Comparison of accuracies with those of other aligners
To compare the accuracies of the alignment methods we used a Linux machine with an AMD Opteron processor (2 GHz and 4 GB RAM). We compared the performance of MXSCARNA with that of Murlet, ProbCons, MAFFT, ClustalW, StrAl, MARNA, RNASampler, RNAlara, FoldalignM, Locarna, PMmulti, and Stemloc on the three datasets described earlier. Whereas ProbCons, MAFFT, and ClustalW align RNA sequences on the basis of sequence similarities only, StrAl, MARNA, RNASampler, RNAlara, FoldalignM, Locarna, PMmulti, Stemloc, and Murlet weigh both sequence similarities and secondary structures.
The results for every datasets are shown in the following. Because MARNA, Locarna, FoldalignM, PMmulti, and Stemloc impose high time and memory demands, those programs were executed only on families of which the average sequence lengths were less than or equal to 100 bases. The SPS of MXSCARNA was comparable to those of Murlet and ProbCons, which currently are the best performing aligners. In addition, the MCC of MXSCARNA was one of the highest among aligners. In particular, the MCC of MXSCARNA is similar to that of Stemloc, which aligns only short sequences that have simple secondary structures.
Execution time
Comparisons of alignment tools in regard to execution time for nucleotide sequences of various lengths are presented in the follwing fitures.

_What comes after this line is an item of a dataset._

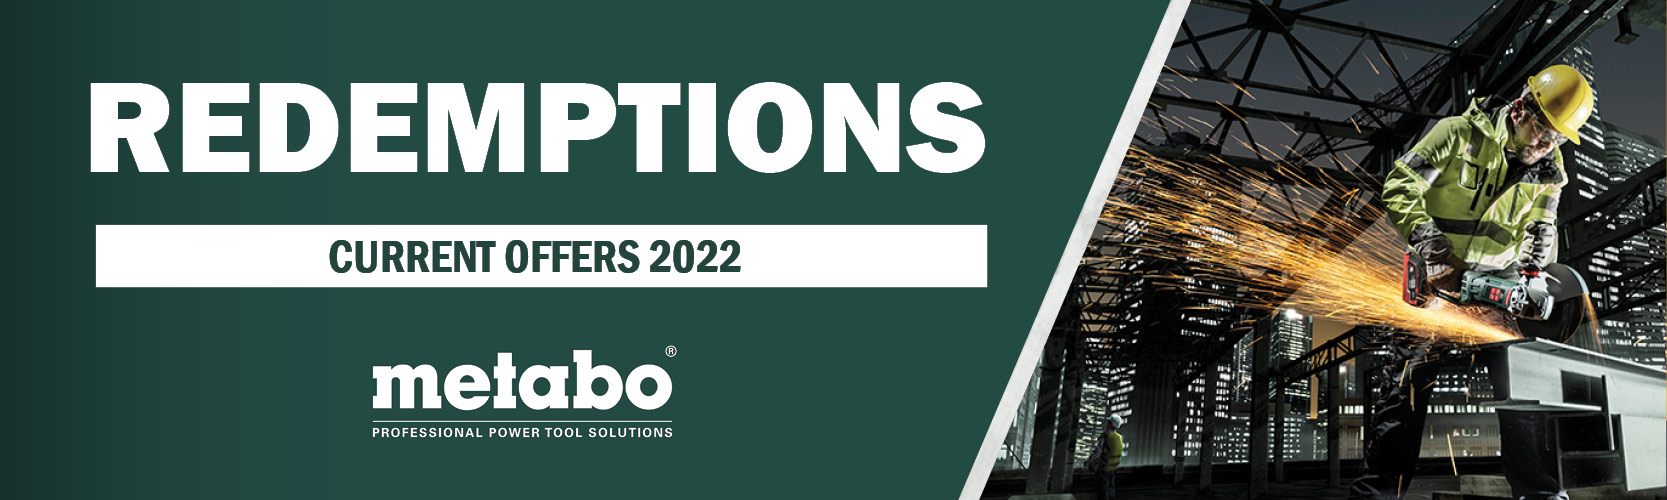 Metabo Redemptions
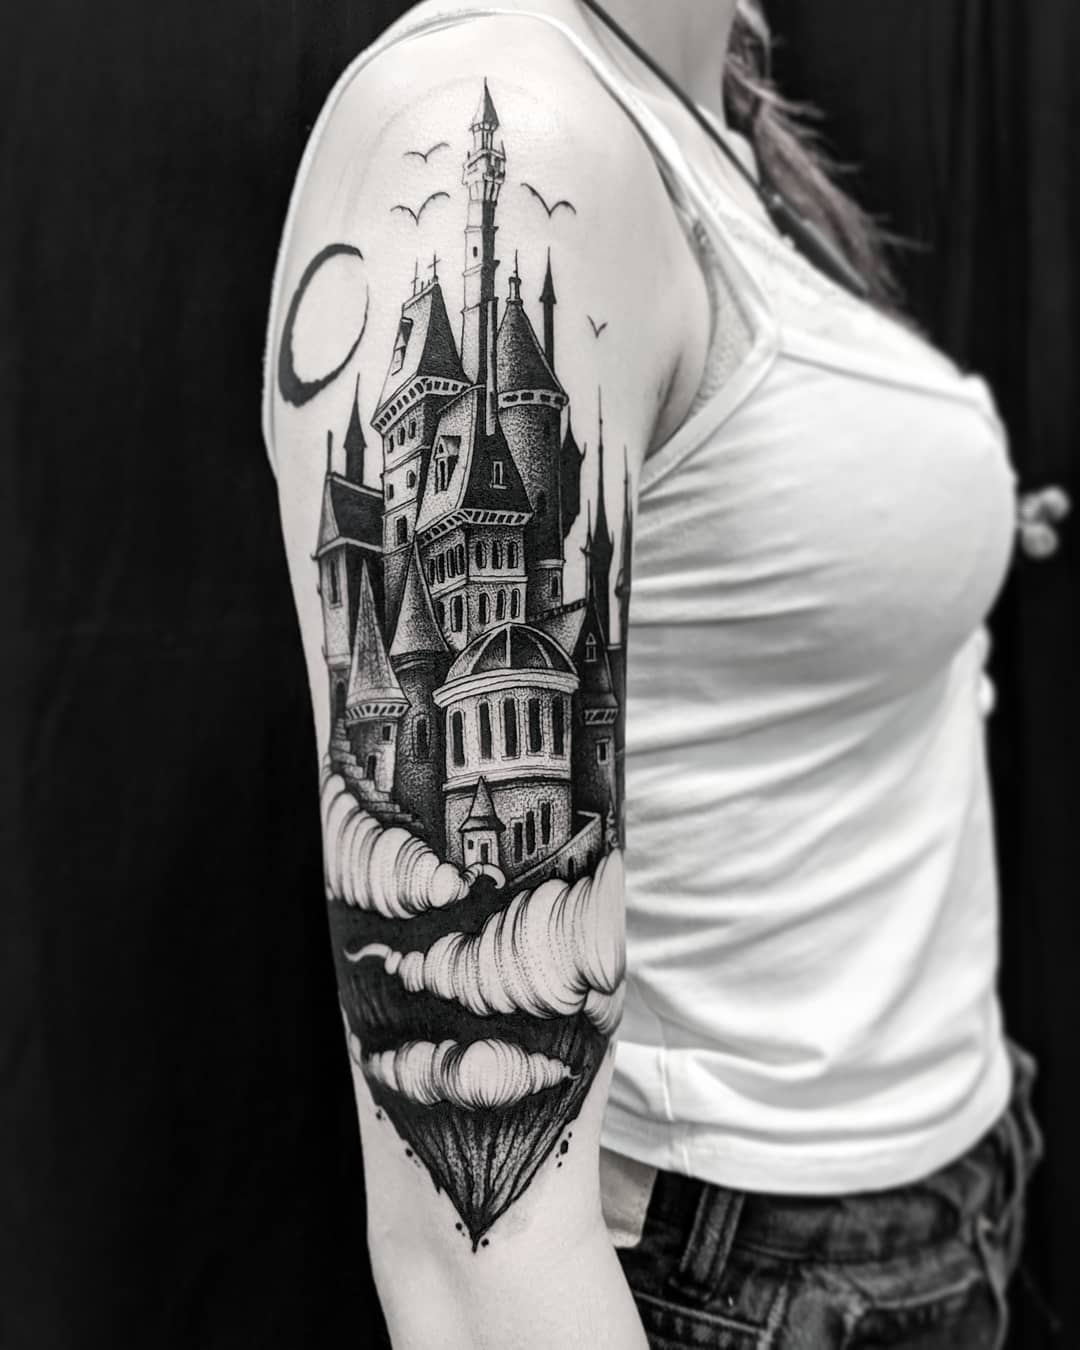 Frankenstein and Draculas castle Tattoo by Mike Nasser at Harbourside  tattoo in Vancouver BC  Frankenstein tattoo Castle tattoo Graffiti  lettering

Randomly generated sequences were allocated into groups of the same lengths and were used for alignment. Stemloc aligned sequences of not more than 100 bases; FoldalignM and Locarna were faster than Stemloc and aligned sequences of 500 bases or less. Because the lengths of the sequences were the same in each alignment task, the banded Dynamic Programming (DP) technique of these methods was effective. Although the Murlet program returned results for sequences as long as 4000 bases in the best case, it was much slower than MXSCARNA. MXSCARNA required only 17 seconds to align 5 sequences of 500 bases and returns alignments for sequences as long as 5000 bases, though the accuracies for sequences longer than 500 bases have not yet been evaluated. Similar comparisons for various numbers of the sequences are presented in the middle figure. The execution time of MXSCARNA is acceptable even for 50 sequences.